The “lame duck” session of Congress is the final session, held after the November elections. It gets its name from the fact that many of the participating representatives have in fact been defeated. It’s a curious reversal of the fundamental concept of representative government, in which House and Senate votes are cast after the people have explicitly withdrawn their support from the dying Congress.
The lame duck session is a relic of earlier times, in which it took months for new representatives to journey from their home states to Washington. Originally, the new legislature convened in March, five months after the elections. The 20th Amendment to the Constitution was supposed to end lame duck sessions… but, unfortunately, it was ratified in 1933, a few years too early to anticipate the power of commercial air travel and telecommunications, so it only pushed the start of the new Congress back to January 3rd.
The result is a span of time, from the Monday after Thanksgiving through Christmas, or perhaps as late as New Years’ Day, in which a defeated Party has every reason to aggressively pursue its agenda. In fact, as students of the current lame duck session are likely to conclude, there are strong reasons to deliberately delay Congressional business until those magical six weeks after the election.
The Democrats knew they were heading into a tough set of midterm elections in 2010, which placed significant restraint on nervous representatives in threatened seats. After their historic losses were tallied, all such restraint disappeared. It was therefore logical to delay controversial bills until zombie legislators could vote without regard to electoral consequence… and, indeed, would be motivated by powerful incentives to push through “historic” legislation, which could become part of the defeated representative’s “legacy.”
The result is reminiscent of the old Star Trek episode where a planet of otherwise placid, sheeplike people goes absolutely nuts when the “Red Hour” strikes. Democrats have been running through Congress screaming “Festival!” and trying to tear the wallet out of any hapless taxpayer they come across. We’ve got a system that actually makes the astonishing dereliction of duty from the Reid and Pelosi Congress into an entirely rational strategy – why should they have tried to pass a big-spending, tax-raising budget during the normal session, with the Tea Party waiting to pounce on them during the midterm elections?
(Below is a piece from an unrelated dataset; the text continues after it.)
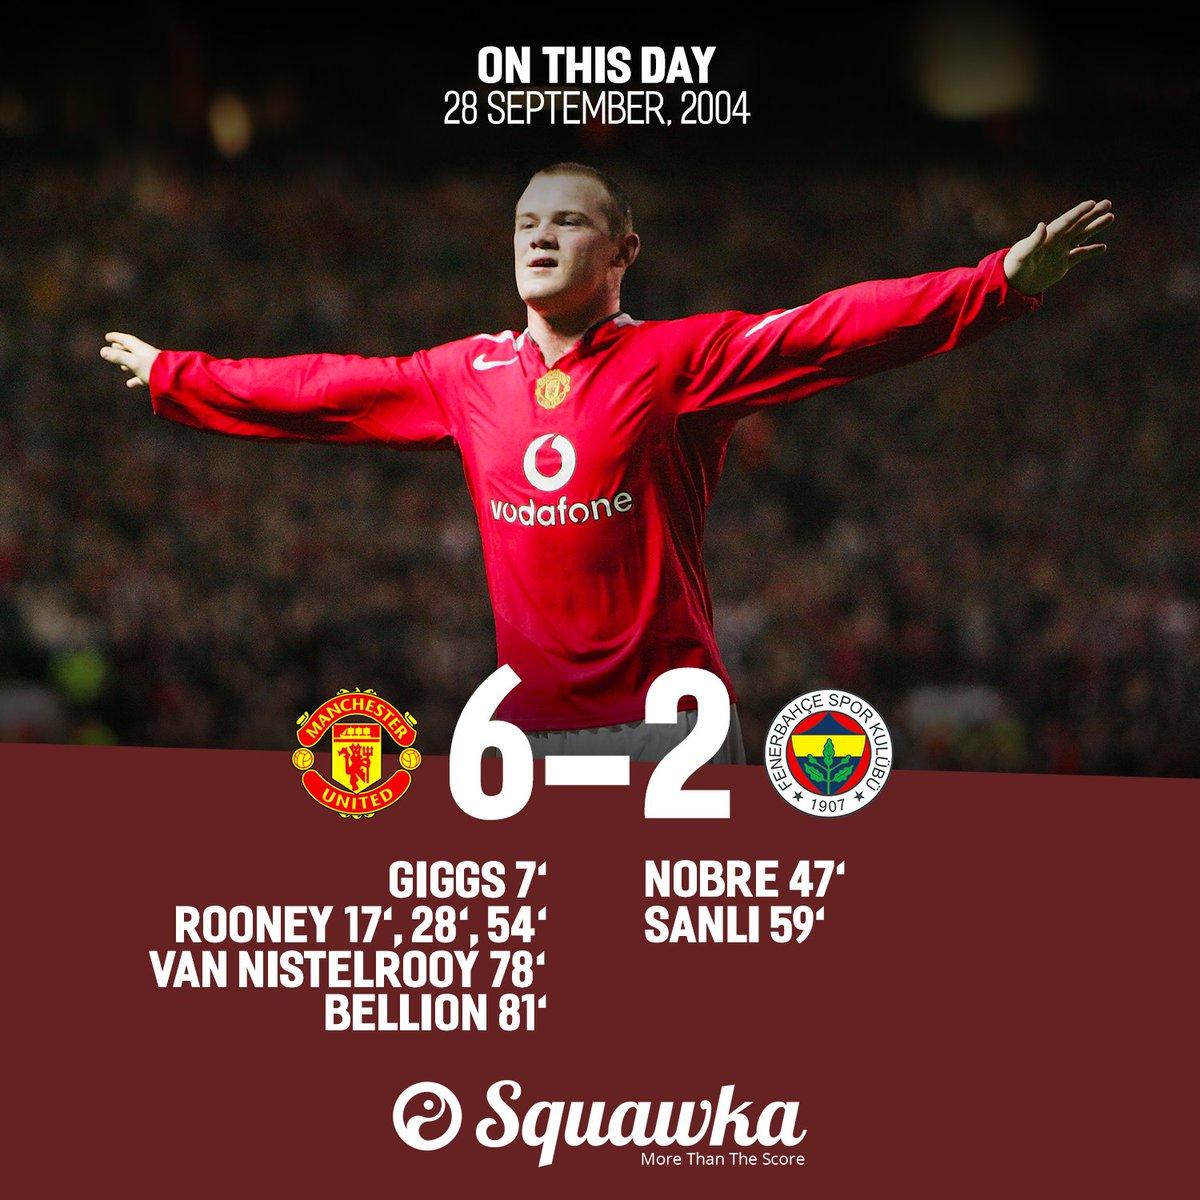 Squawka Football On Twitter 28th September 2004 Wayne Rooney Scores His First European Goal 28th September 2017 Wayne Rooney Scores His 40th European Goal Https T Co Fqqv3cjcir

Their odds of getting what they wanted were much greater by putting budget commitments off until the final session, when every vote could be portrayed as an “emergency” conducted against a ticking clock, and much of the Democrat caucus would be entirely focused on loyalty to the Party, instead of representing the interests of voters who had already defeated them.
The budget battle really isn’t over yet, although the Democrats are clearly hoping the approaching Christmas holiday will cause the public to lose interest in a story they believe reached its climax and denouement last week. They’ve been trying to slip some last-ditch spending into the continuing resolution they agreed to use for government funding, until the new Congress can prepare a full budget next year. The goal is to turn the continuing resolution into a “minbus” – a smaller version of the bloated omnibus spending bill that would have showered $1.27 trillion on the priorities of a defeated Party. Meanwhile, the pressure-cooker atmosphere of the lame duck session apparently caused Republicans to cave on opposition to a horribly botched food-safety bill, which Harry Reid had been threatening to attach to the continuing budget resolution. It remains to be seen if they’ll fold on the START treaty, while eight of them broke promises to pass nothing but tax and budget legislation in order to vote in favor of repealing the “Don’t Ask, Don’t Tell” policy on gays in the military.
The drumbeat to Do Something Right Now, because Time Is Running Out, is a powerful weapon in the hands of a defeated Party that has nothing to lose, and everything to gain, by pushing hard for the most controversial items on its agenda. The lame duck session is their best chance to staple their Christmas list to Santa’s forehead and begin rummaging through his toy sack for everything they want. The one thing absolutely guaranteed by this “historic” lame duck Congress is even more such high-pressure, high-stakes gamesmanship in the future. History will increasingly come to be written in the last six weeks of every Congress, as the defeated Party does its level best to reverse the elections they just lost.